John Merchant- 09-16-2008
Here you go:
http://www.youtube.com/watch?v=39fih1lFzmI
This was made a few years ago with our older camera so the quality is not as good, but you get the idea.
It probably would sound better with some registers, which the APP scale does have. The only register control it currently has is through draw stops. Trombones, I believe, are played in the lowest octave+ of the scale, so they're separate from the bass flutes. It, however, doesn't have a separate countermelody section, so that's what separates it from most other large band organs.
Andrew Barrett- 09-18-2008
Thank you for the video!
I realize about the countermelody section; however, if the right kind of pipes are allocated in the range where countermelodies are typically played (usually in the octave or so below middle C), then they can still be heard clearly.
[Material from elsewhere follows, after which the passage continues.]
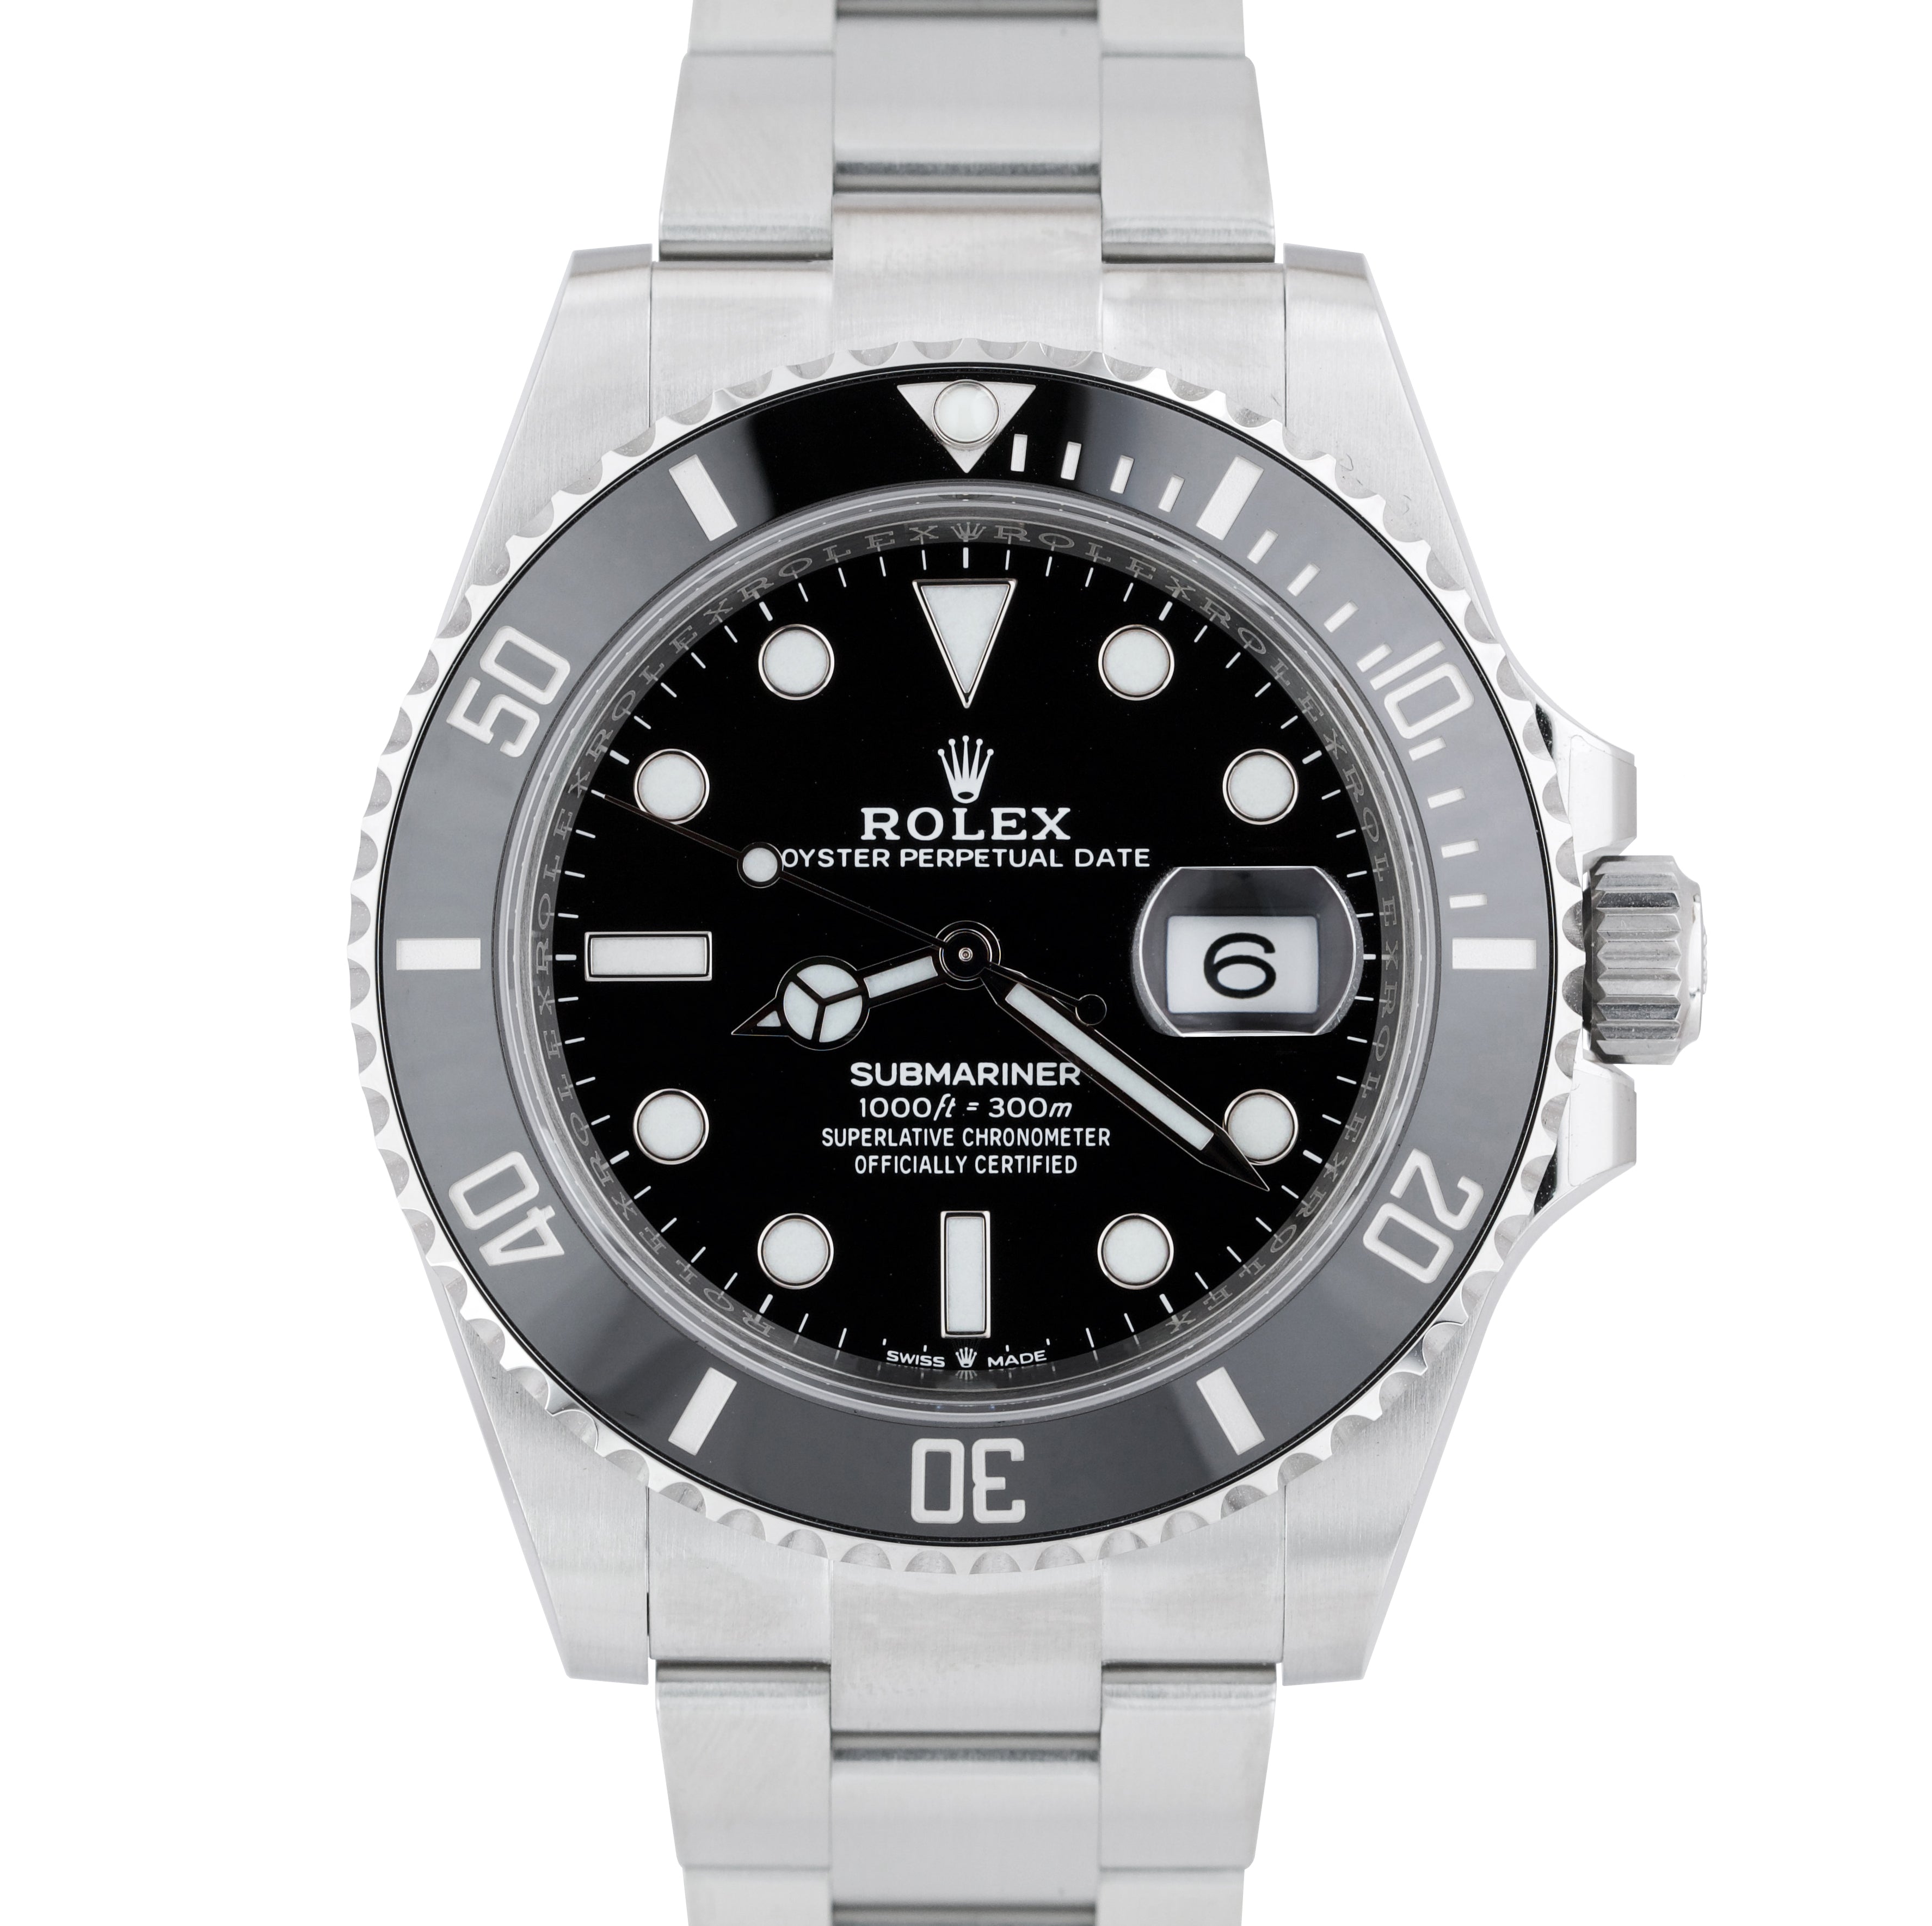 BRAND NEW 2020 CARD Rolex Submariner 41 Date Steel Black Ceramic Watch 126610 LN

The arrangers for APP rolls, after all, knew that the pianos had no separate countermelody section, and arranged the music accordingly. Often in a march arrangement, you will hear the baritone or trombone counter-melody part as an octave tremolo in the tenor range. How well this would sound on pipes is open to debate.
If you look at some fairground organ scales, the "countermelody" section doesn't really overlap the melody section that much except in the case of countermelody ranks pitched an octave higher, which do overlap. Typically, the organ's musical sections more-or-less adjoin each other if taken in the context of the piano keyboard.
Taking a look at the 87-key Gavioli scale, for instance, the scale is more-or-less continuous, diatonically, from the lowest bass note to the highest piccolo. The countermelody section overlaps the octave (4') bass pipes and the lower accompaniment notes, but if the upper octave bass helpers could be turned off so only the lowest octave of pipes sound, the counter-melody would be the only section playing in that range.
Now, in most organs, the countermelody DOES overlap the accompaniment section. However, this section is not taken seriously by most arrangers and is used for one purpose only: soft background chords. In fact, the pipes are voiced deliberately to be soft and indistinct so that they do not distract from the melody and counter-melody sections. This seems quite a waste to me that even very large organs do not have separate registers for ranks in the accompaniment section, to allow an alto line to be brought out, separate from the tenor (countermelody) and soprano (melody) lines dominating the ensemble.
Instruments such as the viola, "French" horn (orchestra), alto horn, and alto clarinet (band) all play these kind of lines in actual band and orchestra music.
Now, I like the sound of this Wurlitzer organ, but I think it would sound better if it had regular quieter stopped flutes as a foundation instead of large-scale Caliola open flutes, which tend to dominate the ensemble. Perhaps if another one were built, they would have done this.